(Task objective):
Write out, please, each line from the one containing "Honey Travel Guide Magazine" to the final line of the data, both included, exactly and without pictures.

(Given information):

>>>>

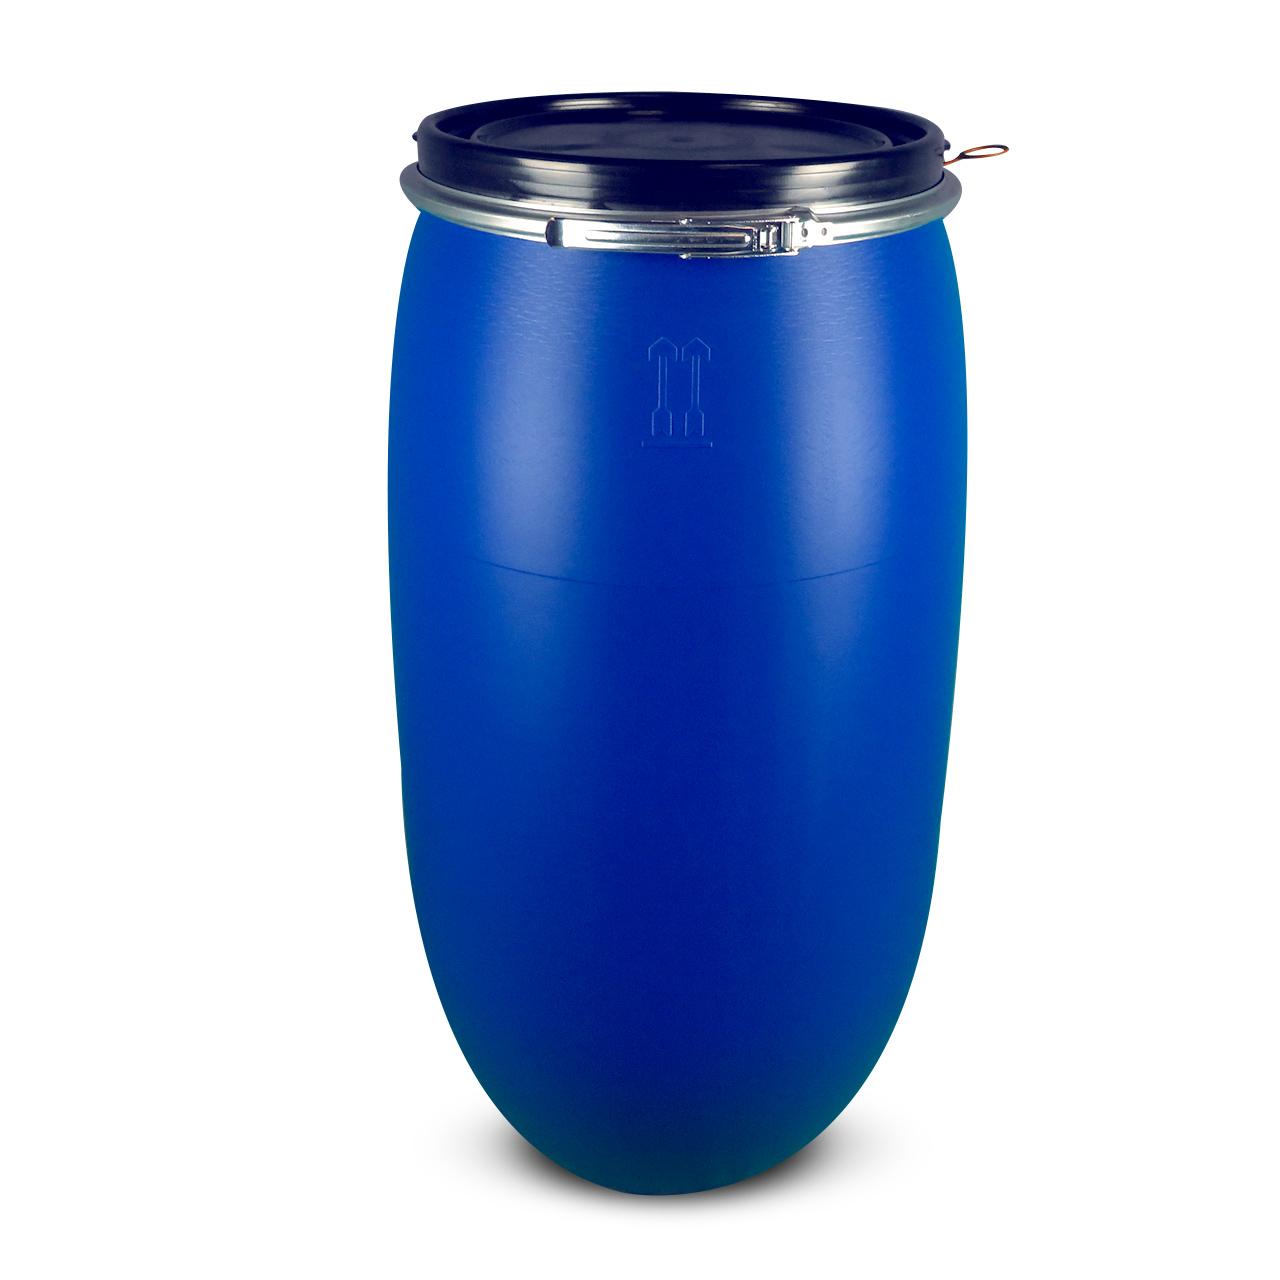 150 L Kunststoffdeckelfass, blau, Entgasung, FDA, UN
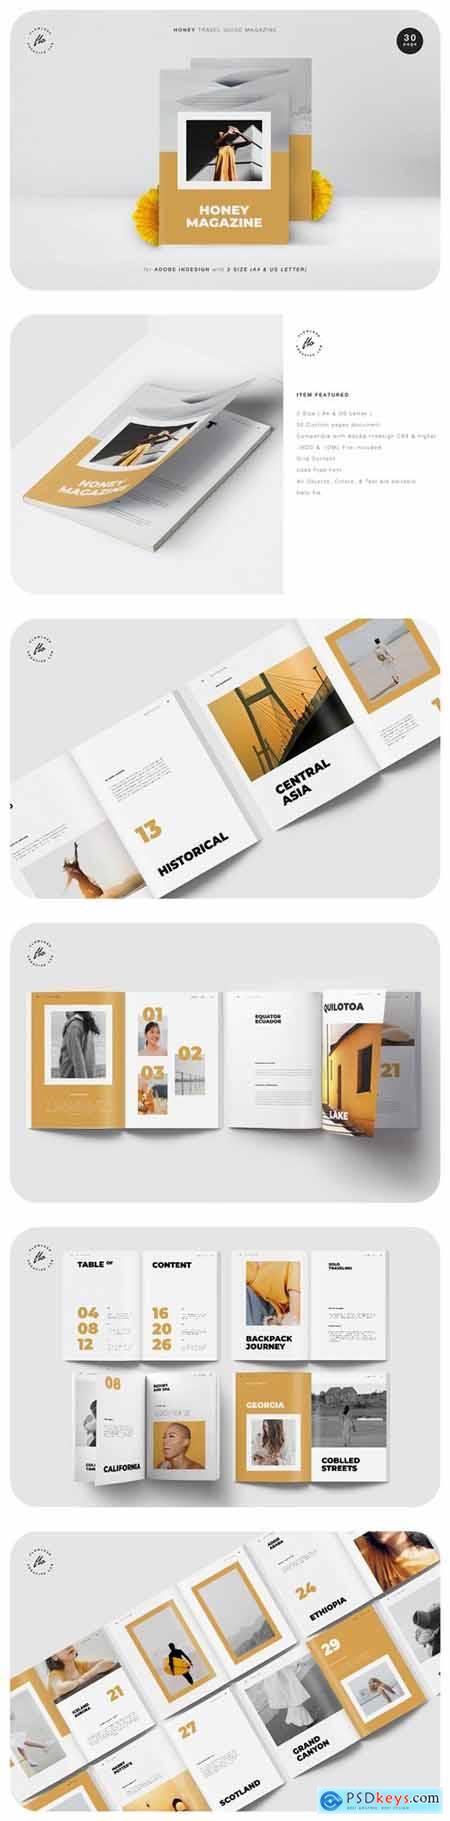 Honey Travel Guide Magazine
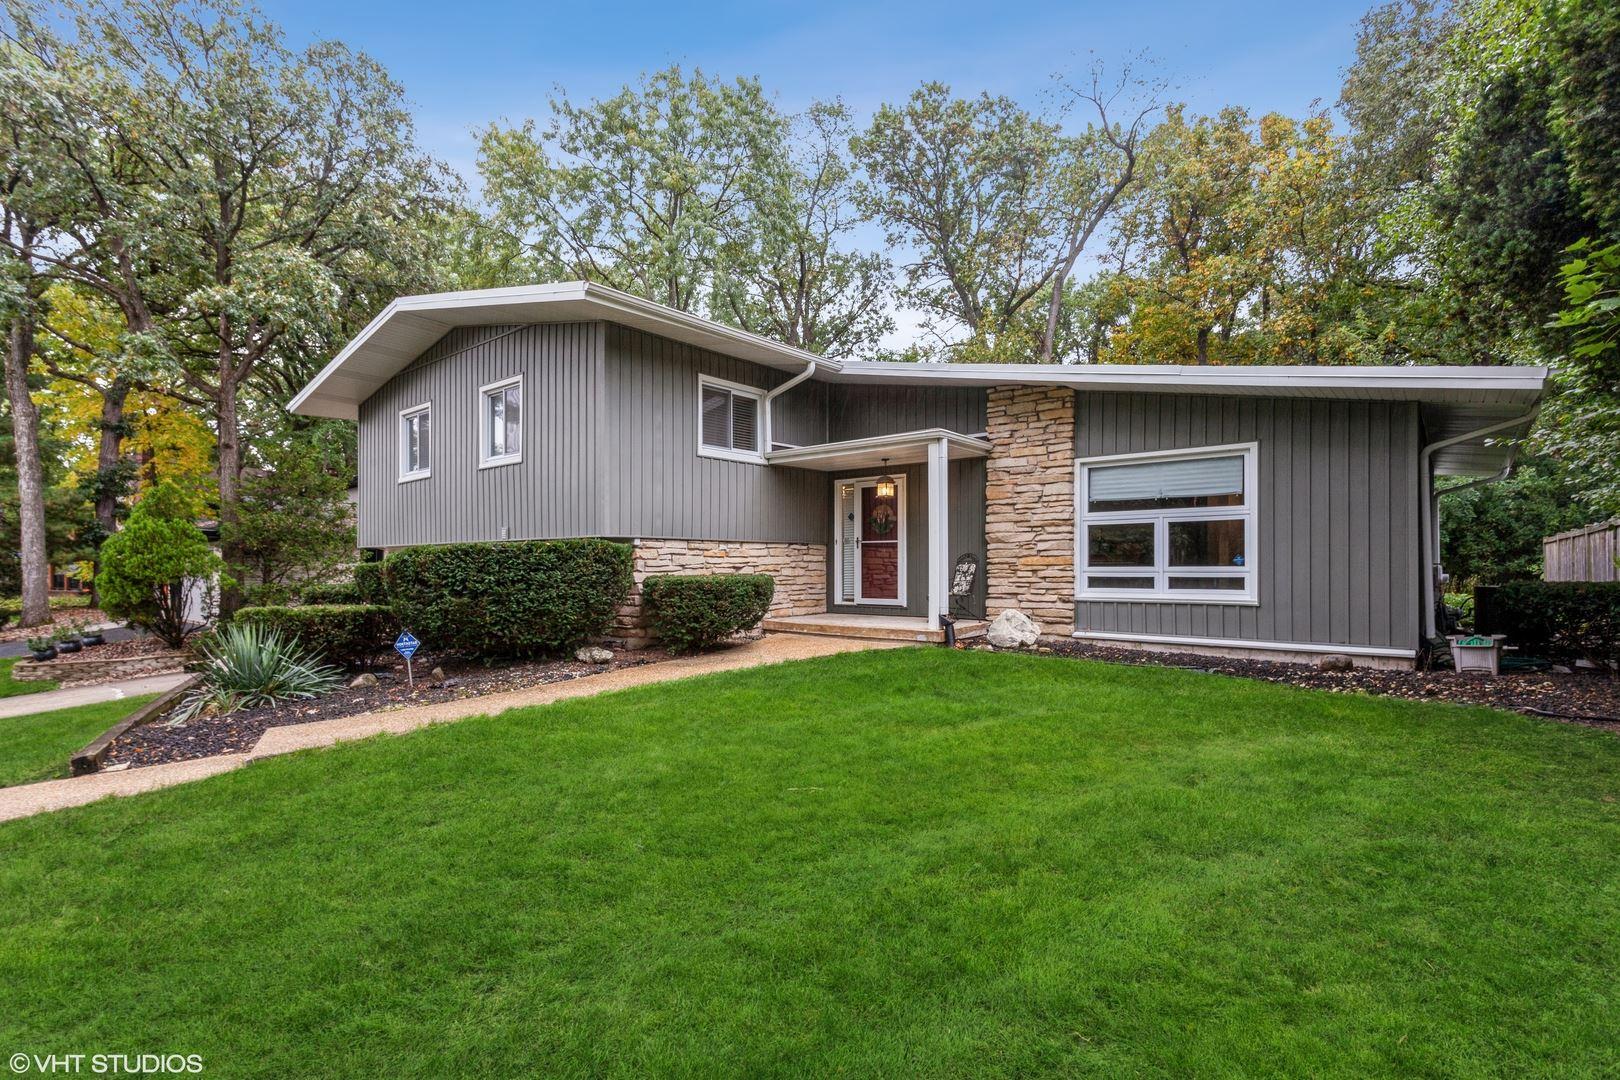 1161 Barneswood Drive, Downers Grove, IL 60515 - #: 11244856

<<<<

(Completed task):
 Honey Travel Guide Magazine
 1161 Barneswood Drive, Downers Grove, IL 60515 - #: 11244856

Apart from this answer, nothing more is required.